Сотряслась земля, сила толчка достигла в эпицентре восьми баллов. Люди забыли обо всем незначительном в их жизни, о невзгодах и ссорах, о неполадках и дрязгах житейских, их прежние обиды показались им ничтожно мелкими в сравнении с этой бедой. Люди вспомнили о себе, люди вспомнили родственников, близких…
— Землетрясение!
Раскачиваются дома в Дубках, большие, многоэтажные дома. Перед глазами вздрагивают столбы, башенные краны, скрипят деревянные бараки. Из рабочих были срочно созданы аварийные группы, в которые вошли мужчины, все комсомольцы и коммунисты. Одну из них возглавил парторг колхоза Мустафа. В его группе до пятидесяти человек, она должна оказать помощь на стройке. Они готовы, и если беда вдруг разразится вновь, он поведет свою дружину. Думаете, пойдут?.. Пойдут, никто не дрогнет перед большой бедой. И все? Да, все. А так, в обычной жизни? Вот здесь уже обстоит сложнее. Нет абсолютно плохих или хороших людей, есть человек в совокупности присущих ему слабых и сильных сторон. Разве не бывает так, что инженер, ученый или художник как специалист талантлив, но как человек — никудышный, дрянной. Талантом, трудом своим завоевал признание, славу, а потом седлает он эту славу, как коня, и погоняет.

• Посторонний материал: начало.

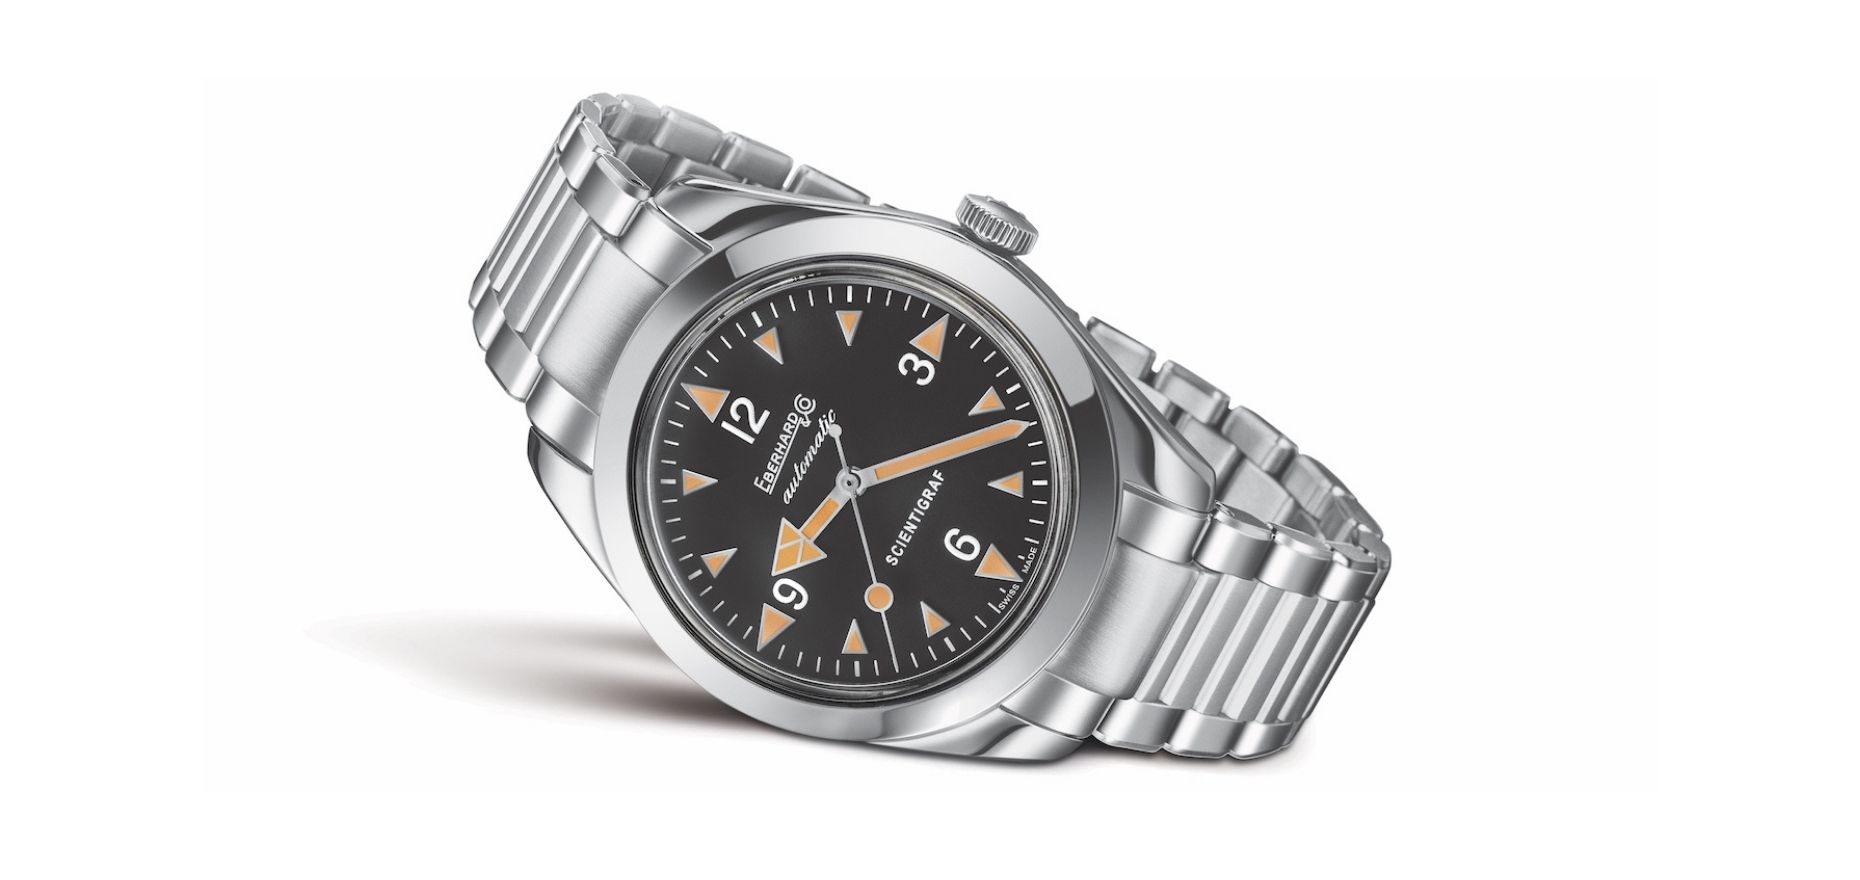 60 years of Scientigraf: Eberhard & Co. revives one of the world’s first anti-magnetic watches

— А любит ли кого-нибудь такой человек?
— Угодников и подхалимов, которые подобострастно направляют ручейки лести на мельницу его славы.
— Неужели есть такие?
— Есть.
— Я бы не пошел с таким даже в лес орехи собирать.
— И он бы с тобой не пошел.
— Почему?
— Потому что орехи ему домой приносят на серебряном подносе с серебряными щипцами, чтобы, чего доброго, зубы не поломал.
…Стоят, сидят, лежат чиркейцы у могил своих предков. Трещат сакли, слышите, доносятся эти звуки, оседают крыши, вон стена отвалилась и с грохотом рухнула прямо в пропасть. Среди всех людей, собравшихся здесь, если и был кто внешне спокоен, так это Ашурали. Хотя, возможно, и его душа давно ушла в пятки, но он призывал всех к выдержке и самообладанию; он знает, что паника — это грозный поток, готовый прорвать плотину, слепой и безжалостный.
— Что вы охаете, ахаете? Эй, я к вам обращаюсь, носящие папахи! Чего дрожите, как хвост у ручной синицы, — тихо возмущался Ашурали, и к его голосу все молча прислушивались. — Подумаешь, большое дело! Землетрясение? Ну и что? Земля всегда трясется, только мы не замечали.
— Так никогда не бывало, почтенный Ашурали, — сказал Амирхан, все время шептавший молитвы, прислонясь к каменному надгробию.
— Нашли чего бояться. Ничего не случится, кроме того, что должно случиться. — Ашурали толкнул локтем Амирхана. — А ты знаешь, на чей памятник облокотился?
— На чей?
— На памятник моего деда.
— Потому, видно, ты и храбрый такой, — заметил Амирхан. — Был бы я у могил своих предков, небось набрался бы и я смелости.
— Набей-ка табаком мою трубку! — попросил Амирхана разговорившийся Ашурали.
— На кладбище не курят, — возразил тот.
— Это в обычные дни, а когда под тобой останки предков твоих не находят места — можно. Набей! — Он сунул в руки Амирхану трубку и обернулся на плачущие голоса женщин: — Эй, раскудахтались, хватит вам причитать, за детьми лучше присмотрите.
— Пожалуйста, Ашурали, твоя трубка. Зачем такая беда сейчас, а?
— Да у тебя, Амирхан, руки трясутся. Тебе-то чего терять?
— Дрожит ведь, — сказал Амирхан, поминутно оглядываясь.
— Чувствую. — Ашурали прикурил и, затянувшись сладким дымом, добавил задумчиво: — Землю под собой всегда надо чувствовать. Забыли о ней люди, зла стало много, вот она и напоминает о себе.